Data extract START

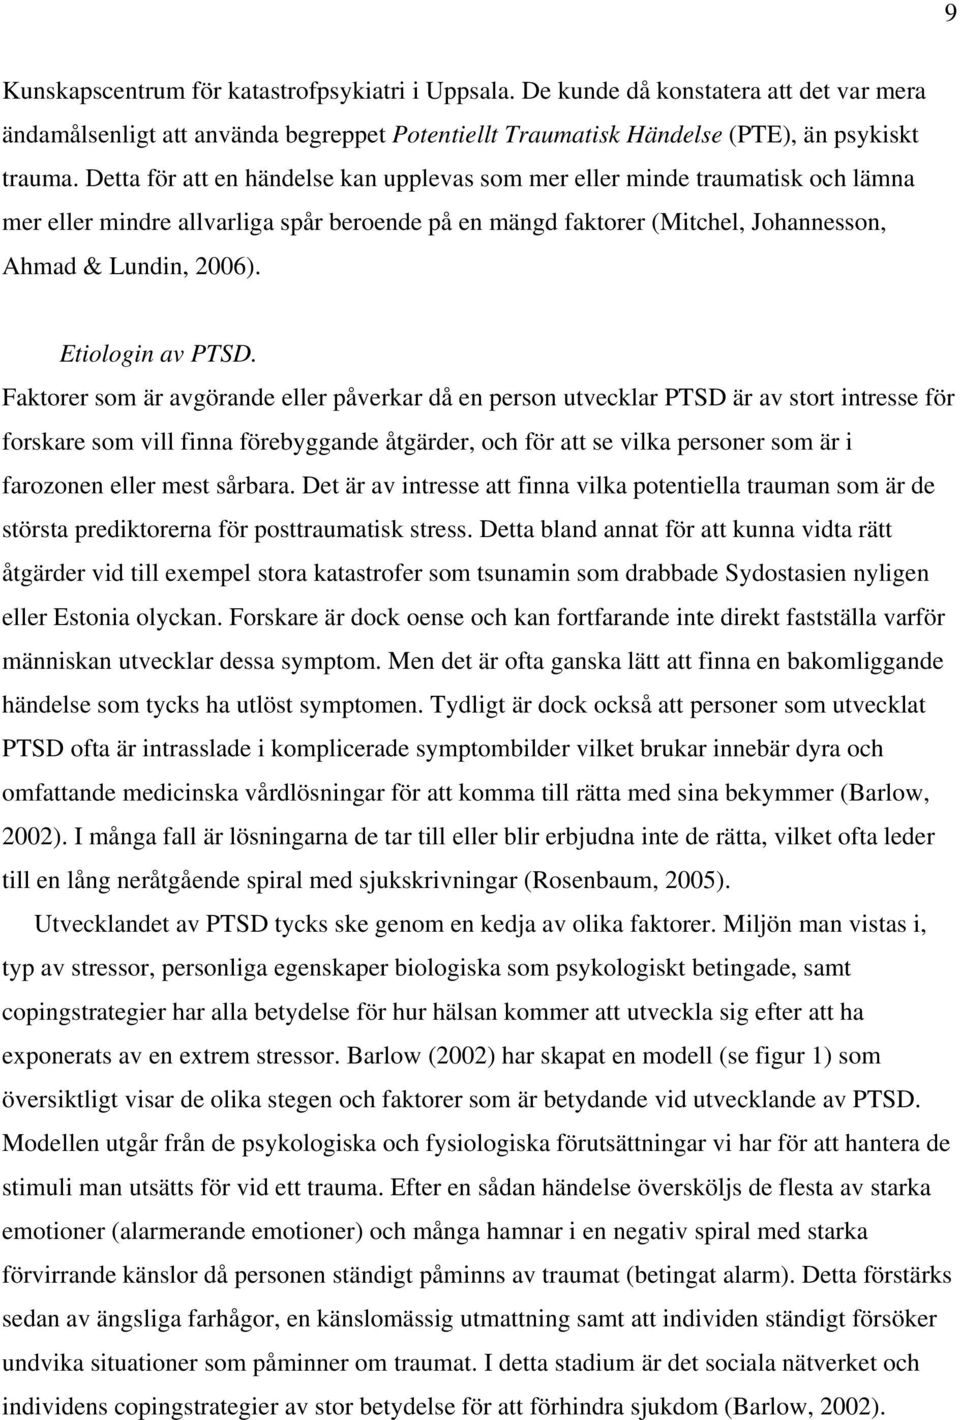 Etiologin av PTSD.
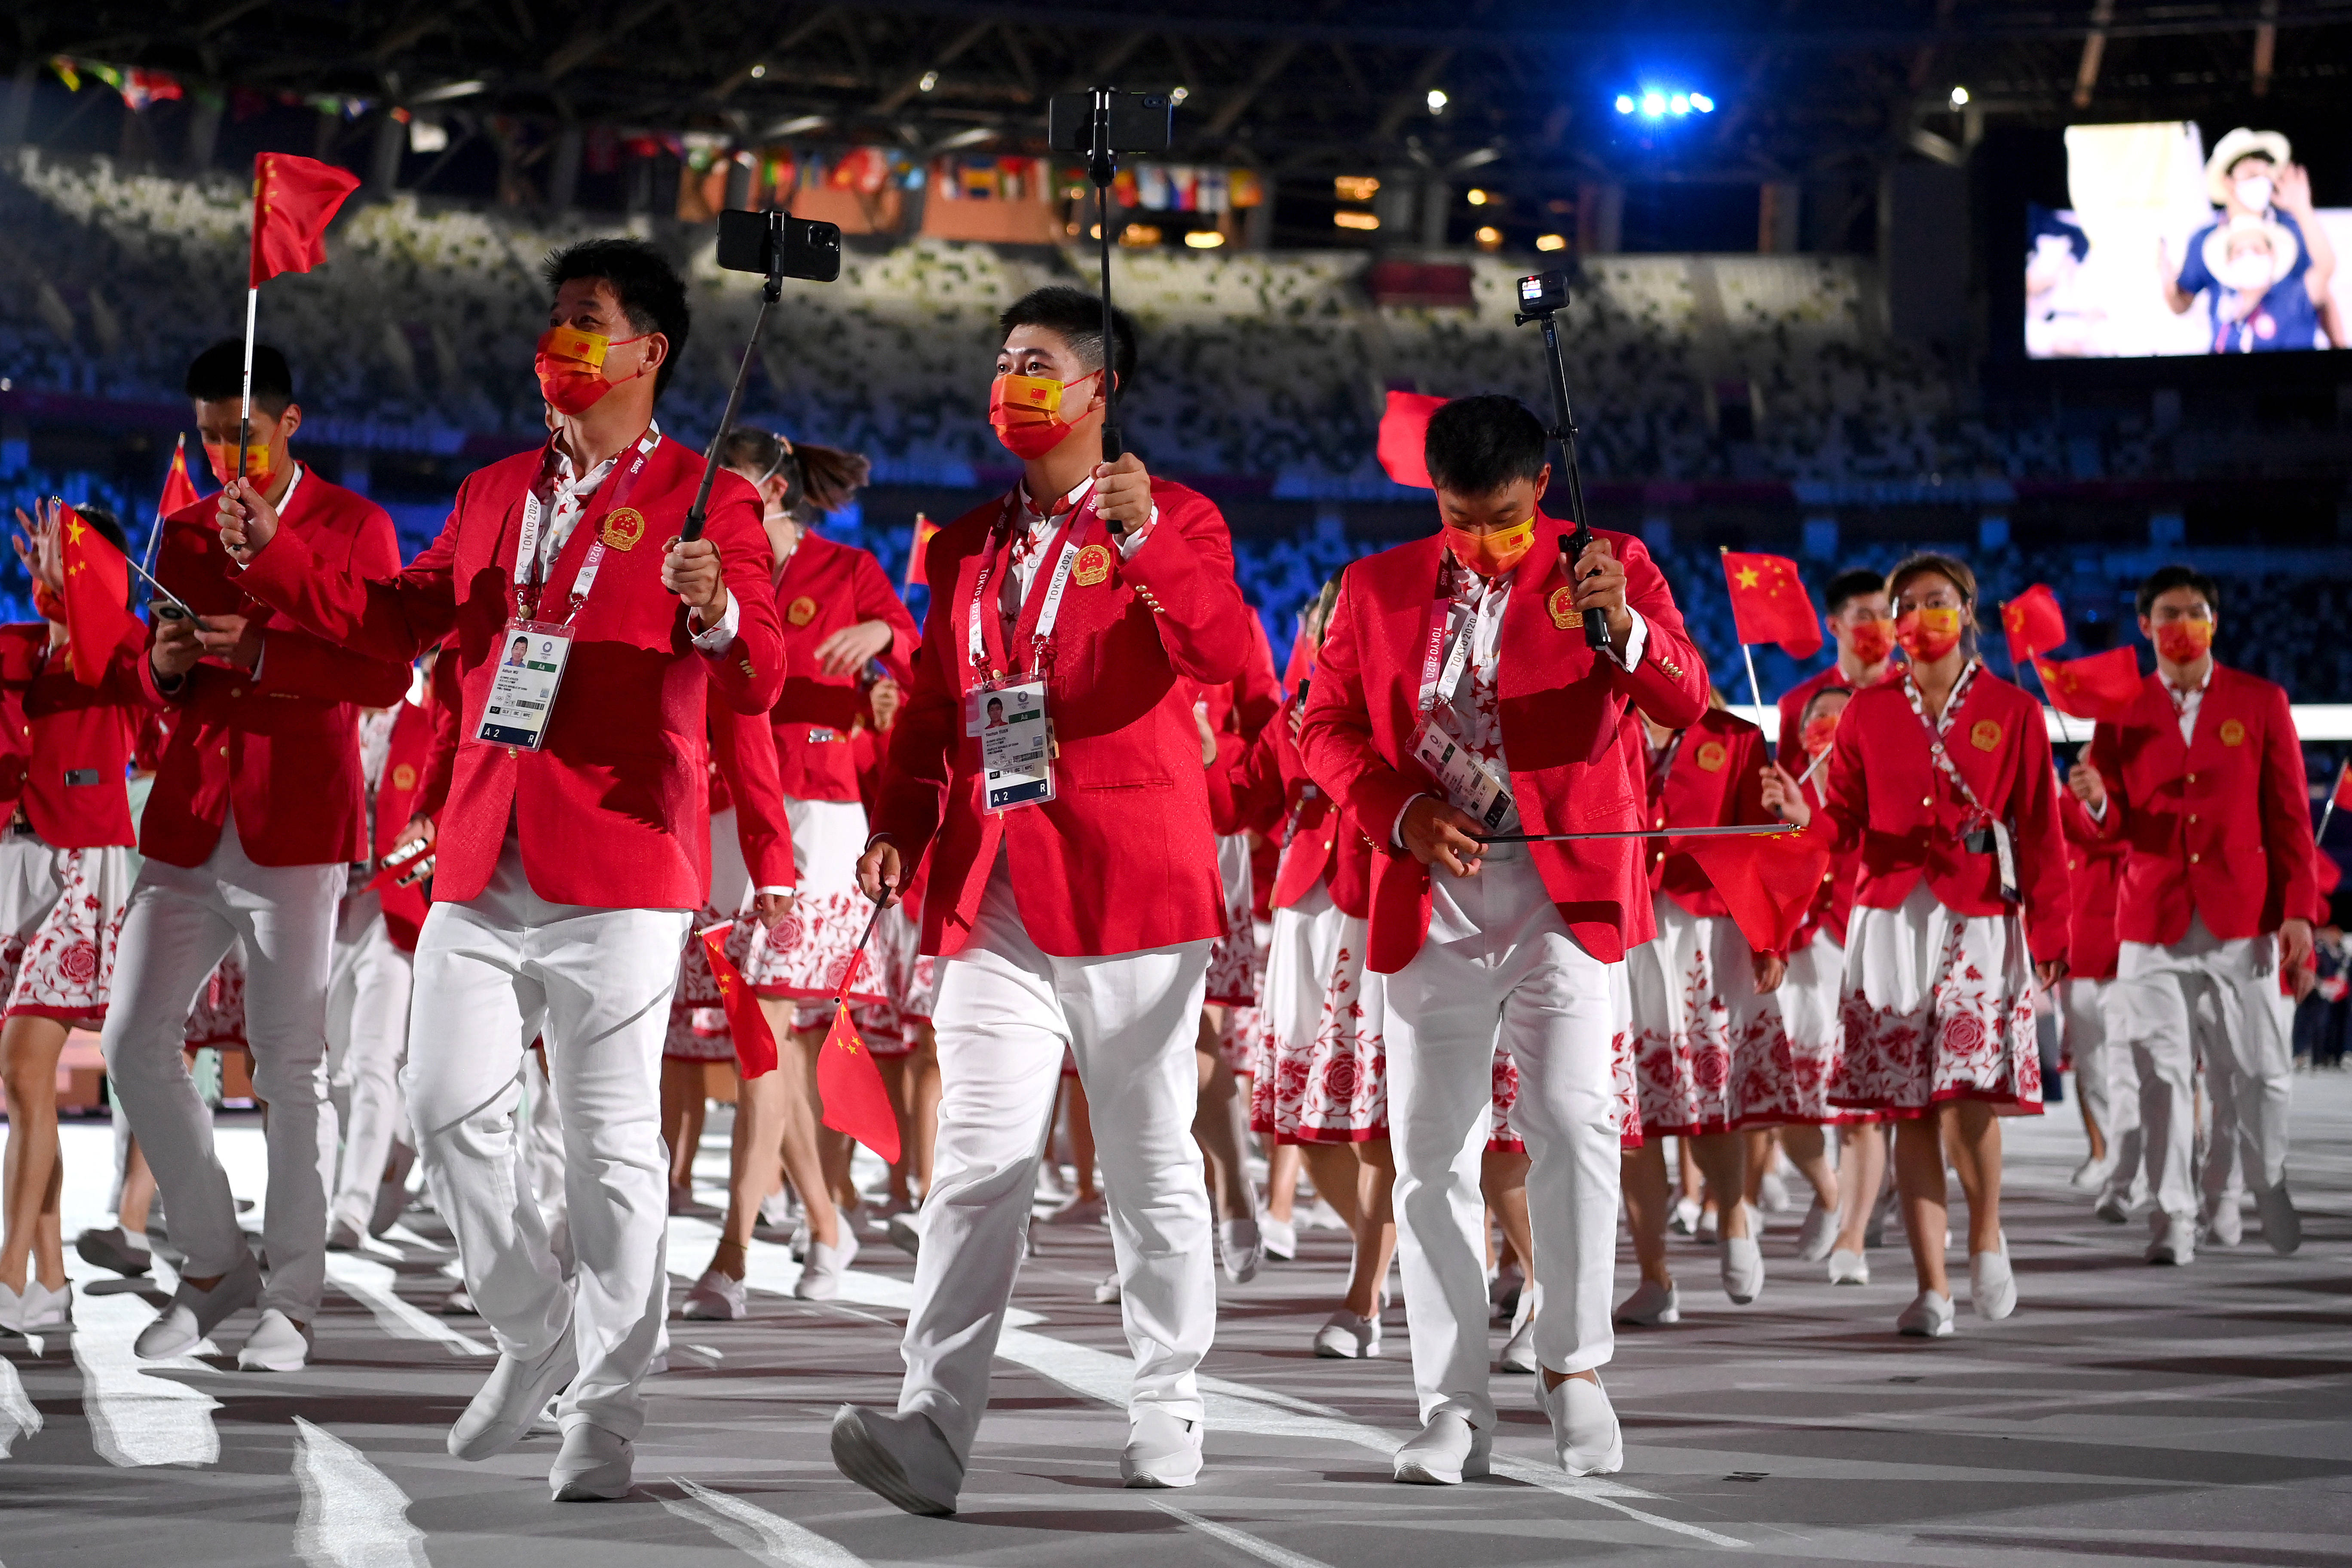 精美图片播报:2020年东京奥运会开幕式,中国代表团出场,双旗手领衔
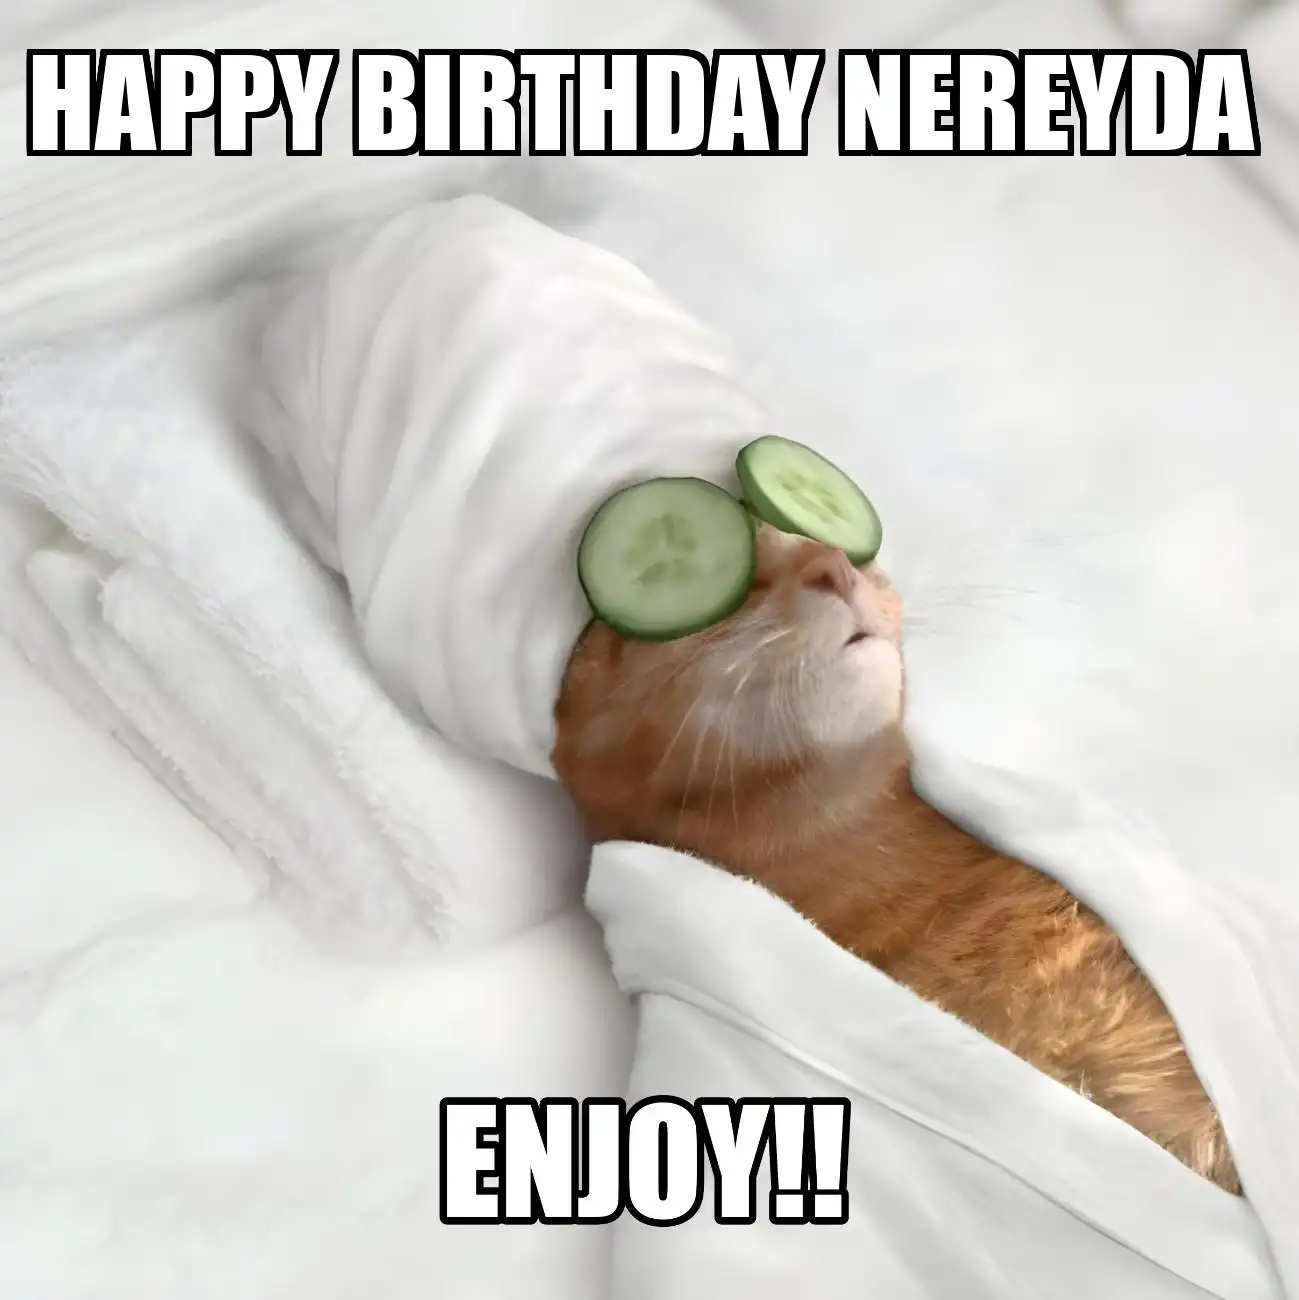 Happy Birthday Nereyda Enjoy Cat Meme

Data extract END

▶ _Description of the task_:
Only the lines from the one with "精美图片播报:2020年东京奥运会开幕式,中国代表团出场,双旗手领衔" to the end of the listing, both ends included, should be retyped exactly; no pictures belong in the copy.

▶ _Expected answer_:
 精美图片播报:2020年东京奥运会开幕式,中国代表团出场,双旗手领衔
 Happy Birthday Nereyda Enjoy Cat Meme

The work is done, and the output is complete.